Word for word, repeat the data that follows. Do not include the pictures.

▶ **DATA PROVIDED**
/---
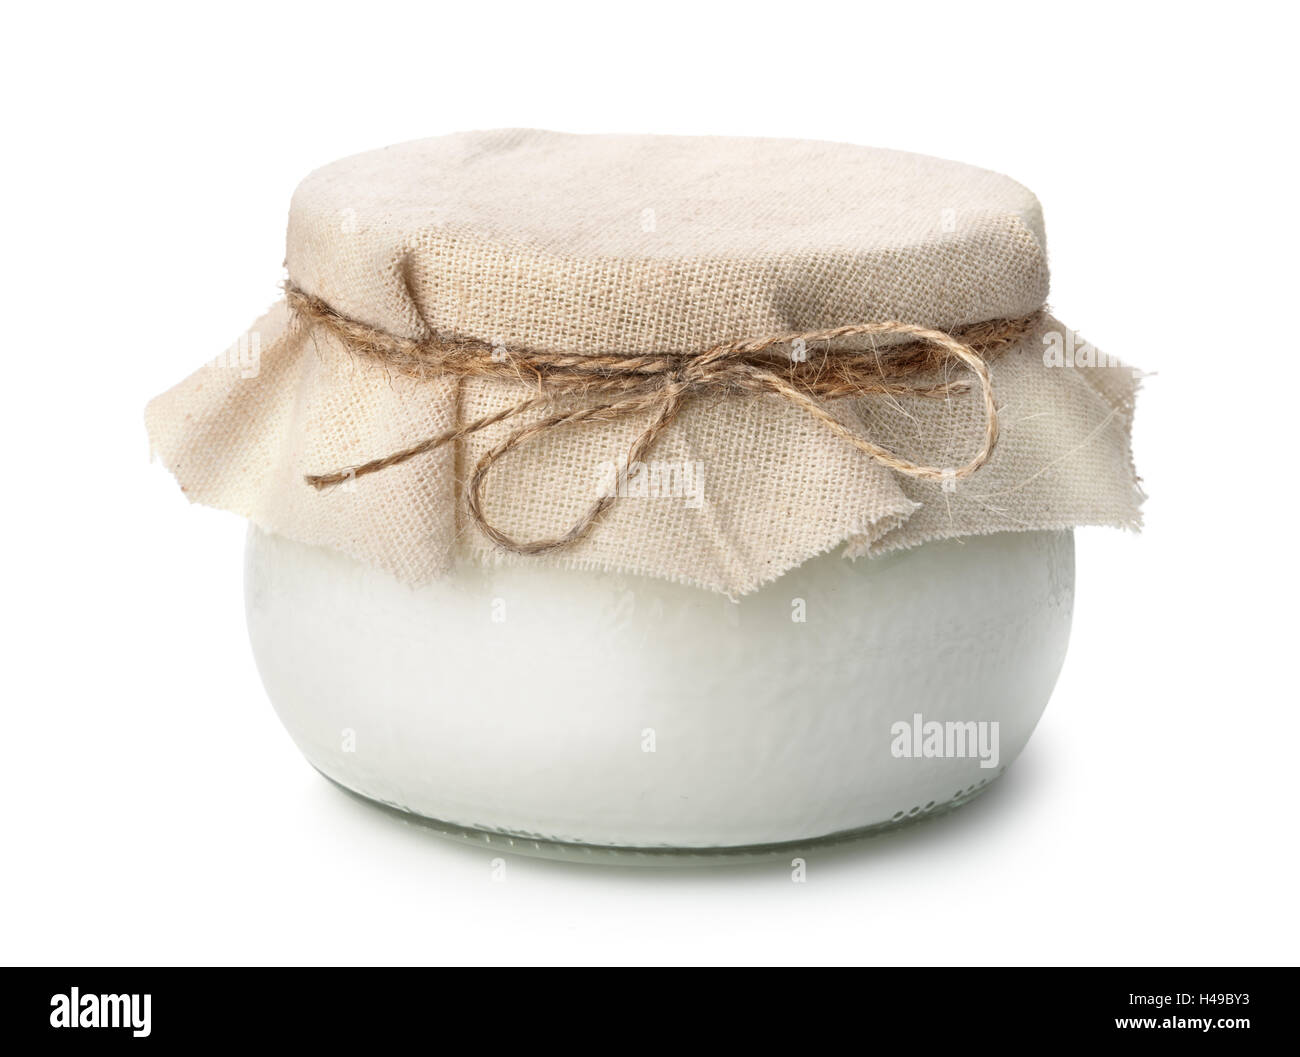 Pot of homemade organic yogurt isolated on white Stock Photo
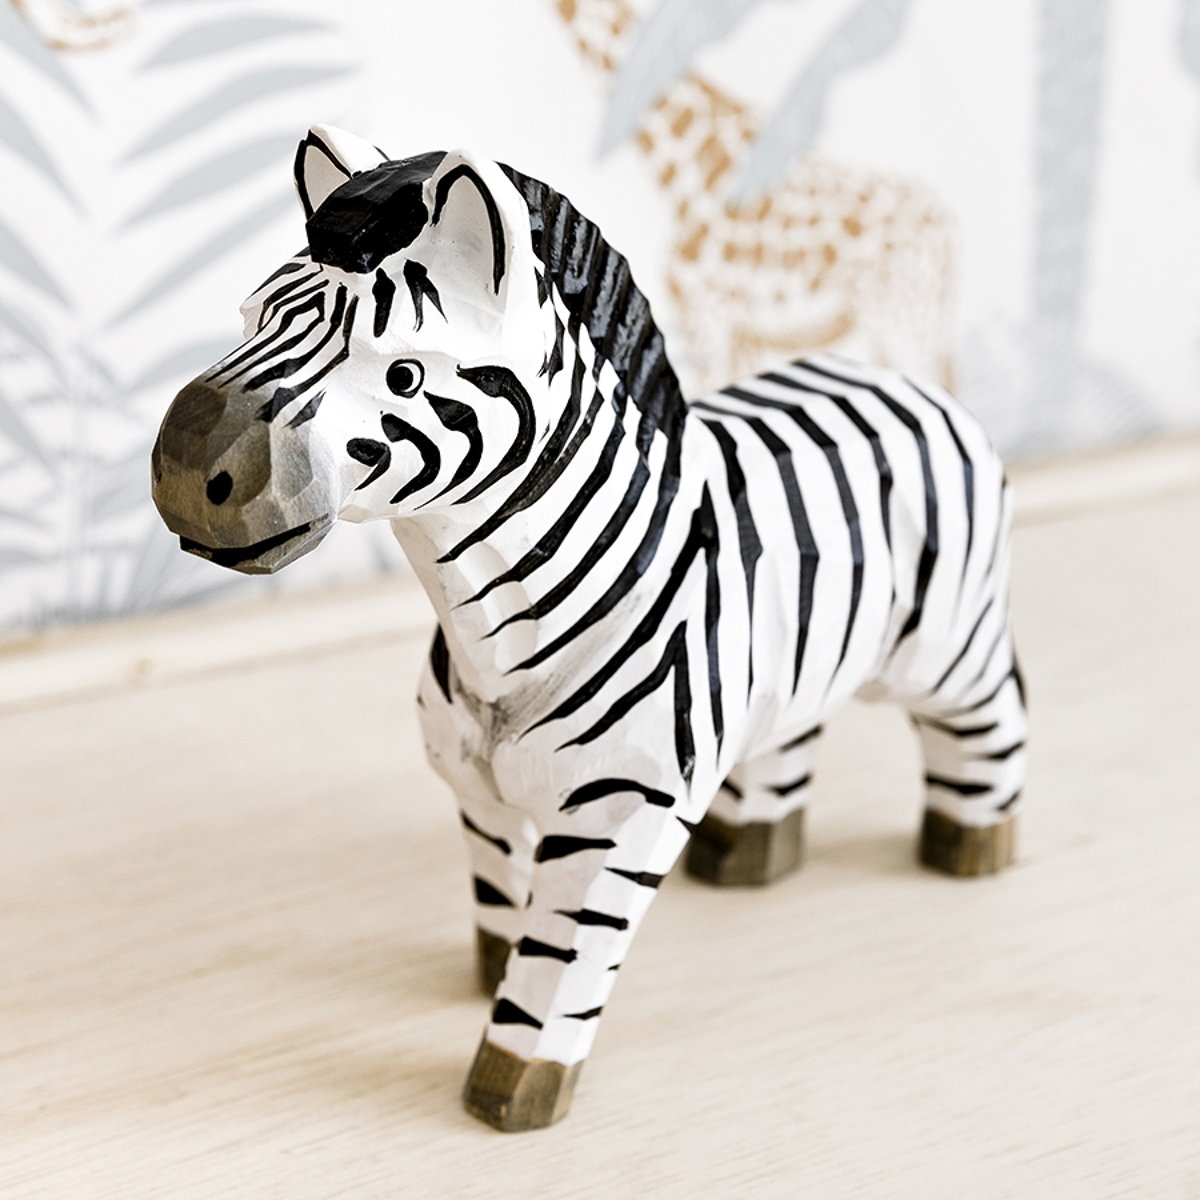 Zebra juguete
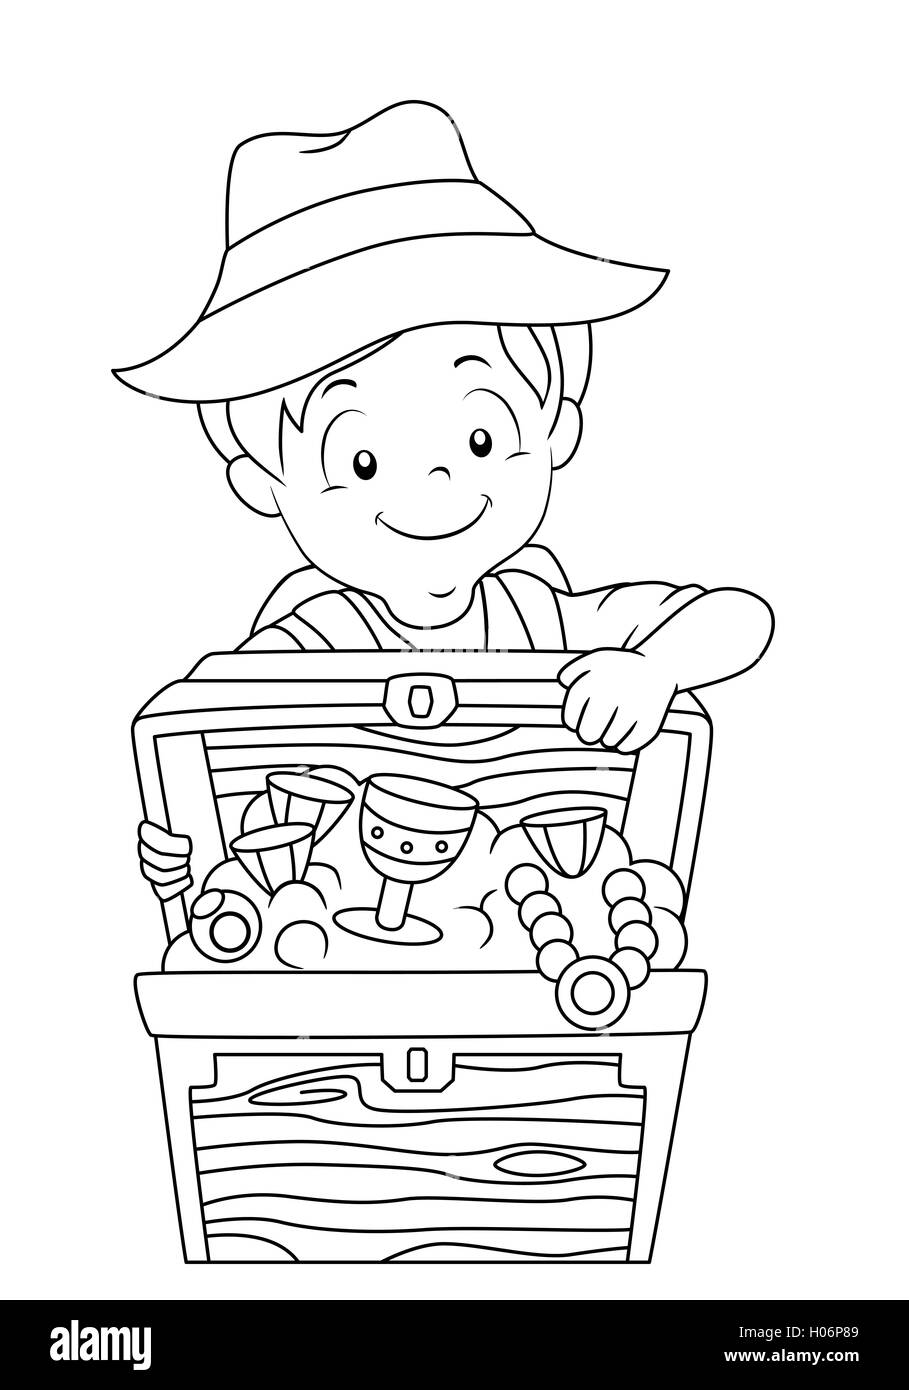 Le noir et blanc à colorier l'illustration d'un garçon de l'ouverture d'un coffre de trésor Banque D'Images
\---
▶ **RESPONSE TO THE EXERCISE**
 Pot of homemade organic yogurt isolated on white Stock Photo
 Zebra juguete
 Le noir et blanc à colorier l'illustration d'un garçon de l'ouverture d'un coffre de trésor Banque D'Images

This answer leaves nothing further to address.